Entonces, ¿es el papelón con limón un guarapo? Técnicamente no. Como hemos
advertido, el vocablo guarapo describe un líquido que es menos denso o concentrado de
lo podría ser. La dilución de las azúcares contenidas en la roca de papelón con el ánimo de
preparar una bebida no puede ser más densa de lo debido, pues se transformaría en un
almíbar, lo que no puede nunca emplearse como una bebida. Dicho esto, debemos hacer
una diferenciación geográfica: en el centro y el occidente del país, a la dilución del
papelón con la añadidura de zumo de limón se le llama jugo, pero en oriente se le
denomina guarapo. Esta dualidad sucede porque el oriental es más generalista que el
central; el oriente es menos formal y más de inspiración, es ocurrente y eso se traduce en
cómo emplea el lenguaje para connotar lo que sus sentidos le transmiten: el papelón con
limón semeja mucho a un guarapo de café; ergo, esa vaina es un guarapo.

Pero, ¿desde cuándo tomamos guarapo/jugo de papelón con limón? Bueno, desde que los
musulmanes salieron a pasar unas vacaciones en el mediterráneo y les gustó tanto que se
quedaron ochocientos años en la península ibérica. Eso les dio tiempo para establecer sus
costumbres, entre ellas la cultura gastronómica y los cultivos que la surten. Así llegaron la
caña de azúcar y el limón a España; luego España los trae a América, pero las condiciones
geográficas de estas tierras hacen que aquellos cultivos se transformen.

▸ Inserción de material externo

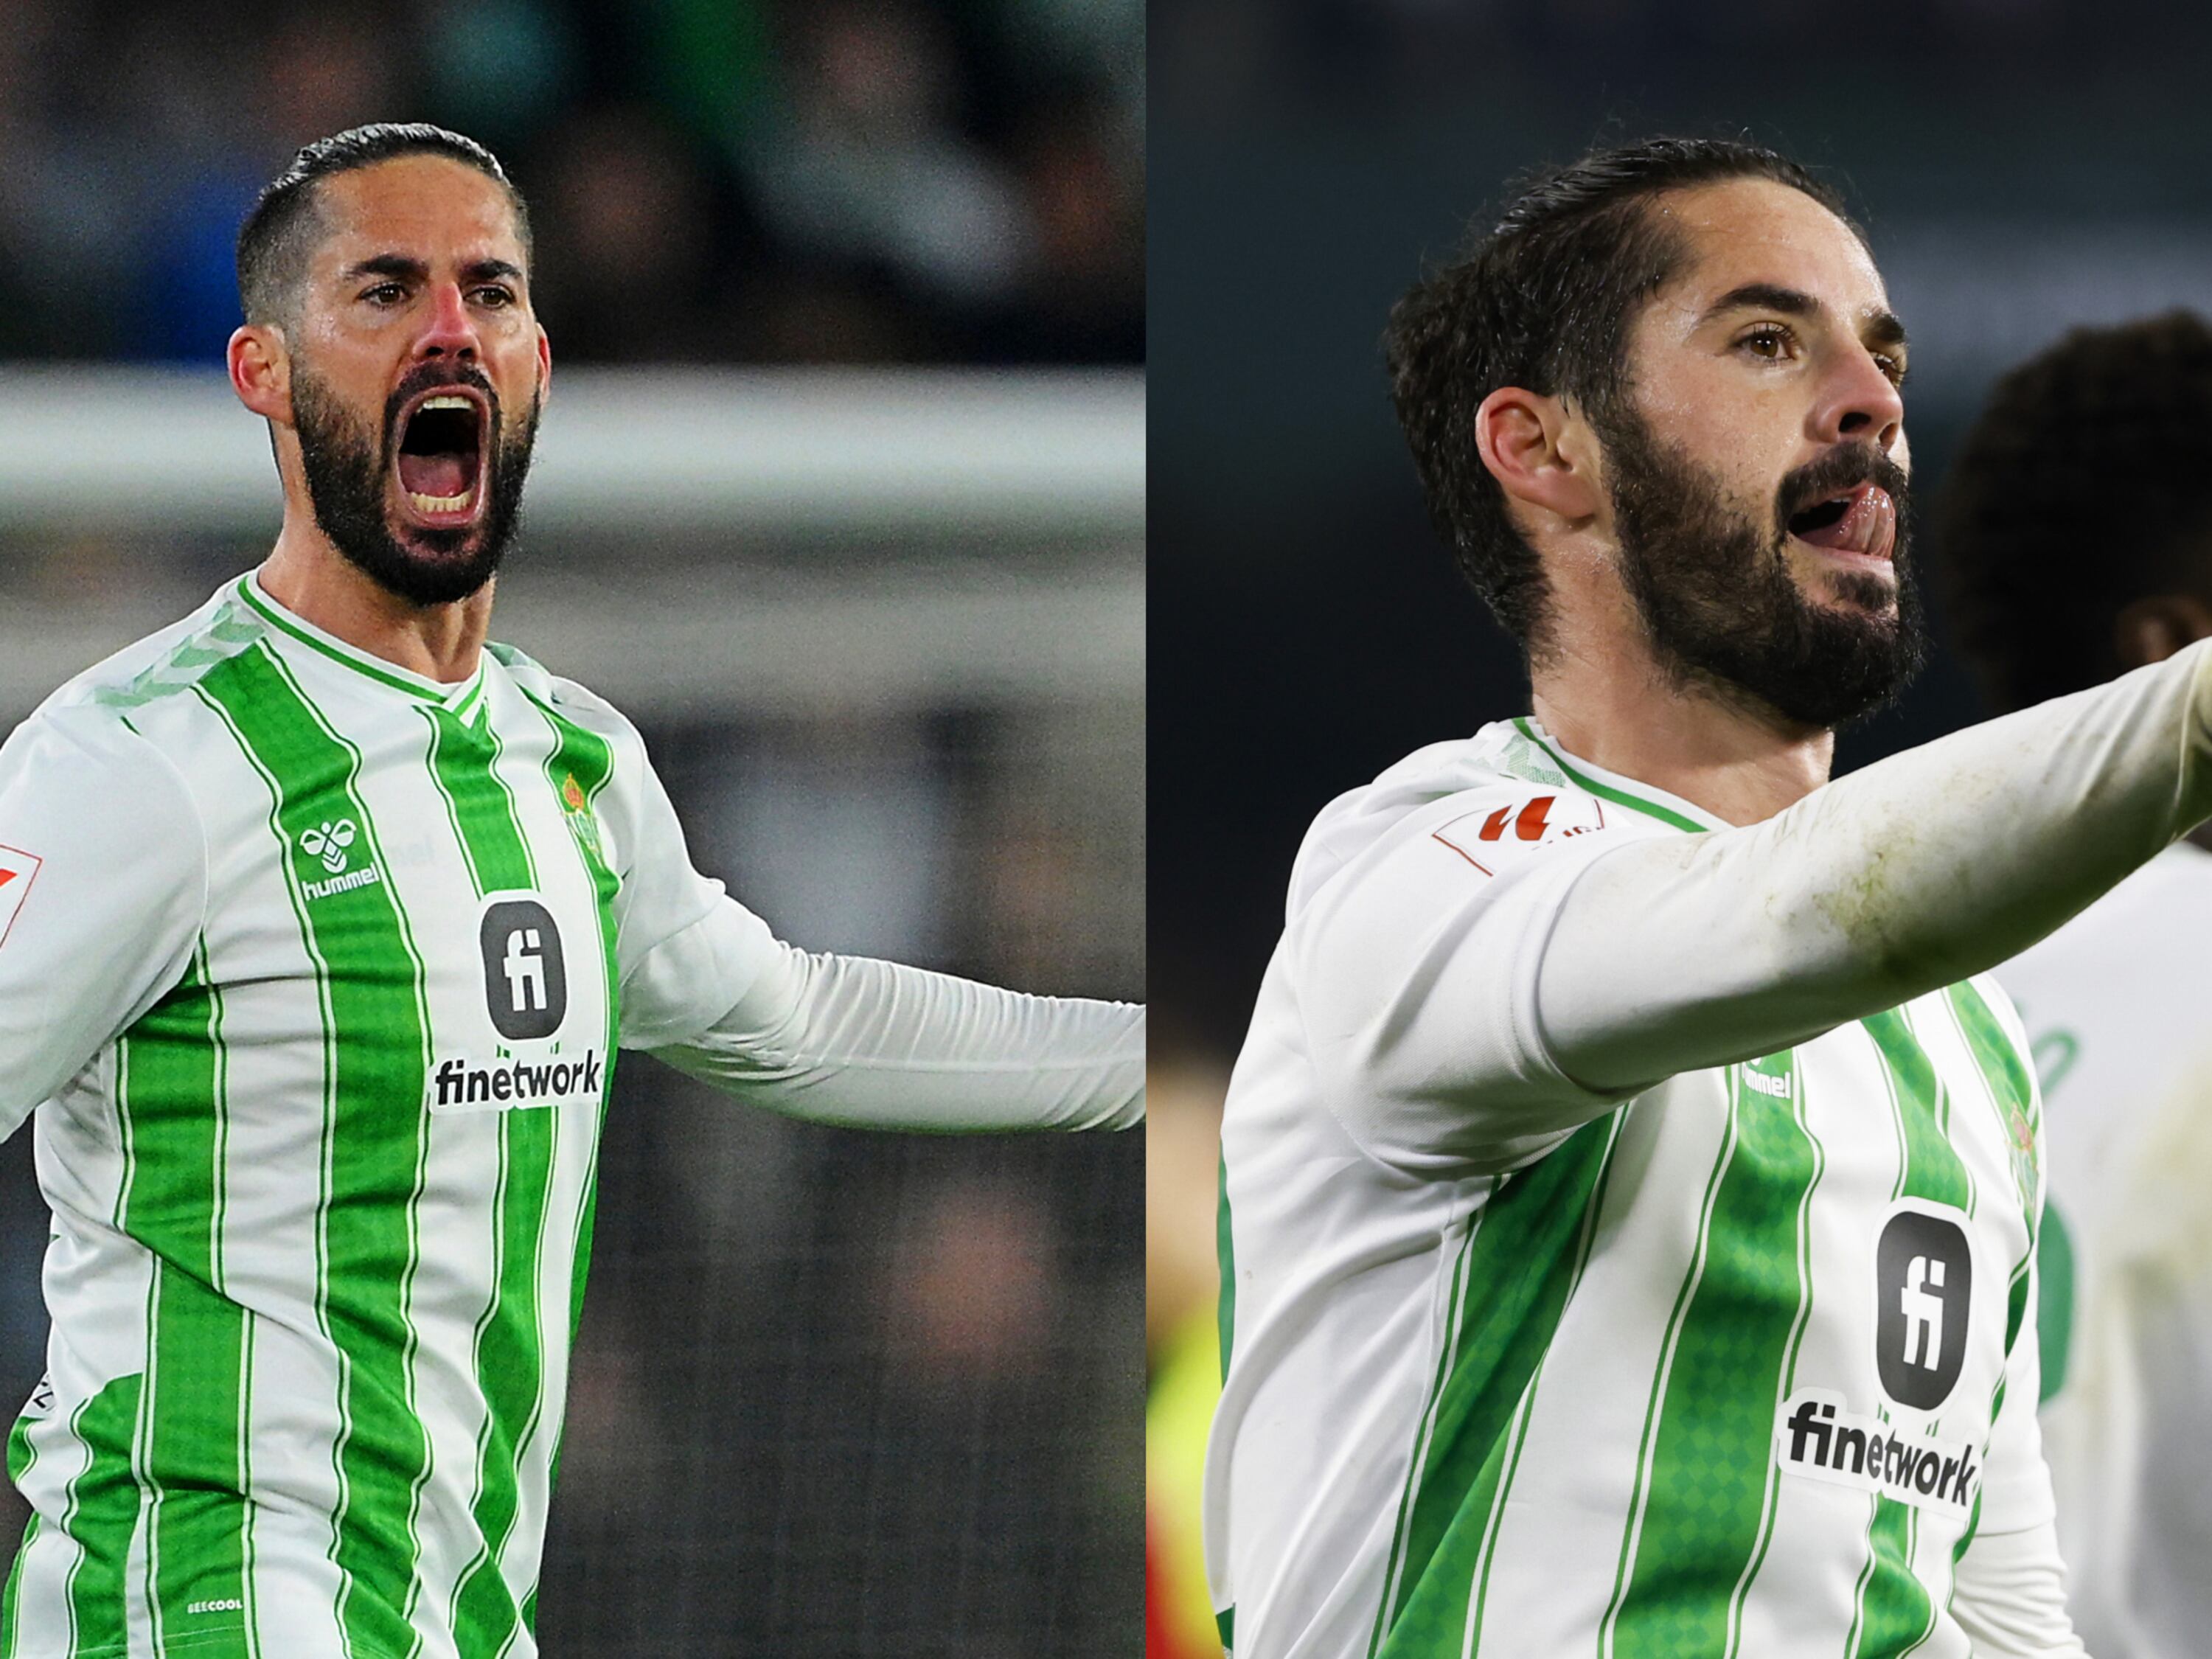 Isco Alarcón scores a magical brace! Betis tied it 2-2 against FC Barcelona

Venezuela se encuentra en el medio del mundo: justo sobre el Ecuador, entre corrientes
oceánicas y vientos que se arremolinan; a medio camino entre el norte y el sur del
continente. Es caribe, pero también es montaña. Es hogar de accidentes geológicos
interesantísimos, pero también es agua dulce que se solaza con casi trescientos
iridiscentes días año tras año; eso cambia la forma en la que los cultivos se desarrollan.
También sucede que hay plantas endémicas, ancestrales, de cuando todos nos
encontrábamos amorochados en Pangea, y esas especies se mezclan, hasta se hibridizan y
mutan, y esos híbridos y esas mutaciones se hacen estables y prolíficas. Esa caña fue
cambiando y lo sigue haciendo, aquí es más robusta porque dispone de más agua, pero
contrario a lo que se puede pensar, no es por ello menos dulce; ¡por el contrario! Esa
constante disponibilidad de agua y sol acelera el metabolismo de la planta y le permite
producir mucha más azúcar que se transformará en tantos y tantos productos; uno de los
primeros, pero menos refinados: el papelón. Diluya éste en agua tibia, agréguele el zumo
de limón persa y obtendrá un jarabe ligerísimo (aguarapao) que resulta tremendamente
refrescante.

Fíjate que hemos recorrido más de 1200 años de historia, hablamos del clima, de la deriva
continental, de biología, política, gastronomía y semiótica, todo eso en tan solo 10
minutos. Los próximos encuentros irán por caminos menos zigzagueantes, prometo
intentarlo.

Tengan buena vida y salud para disfrutarla.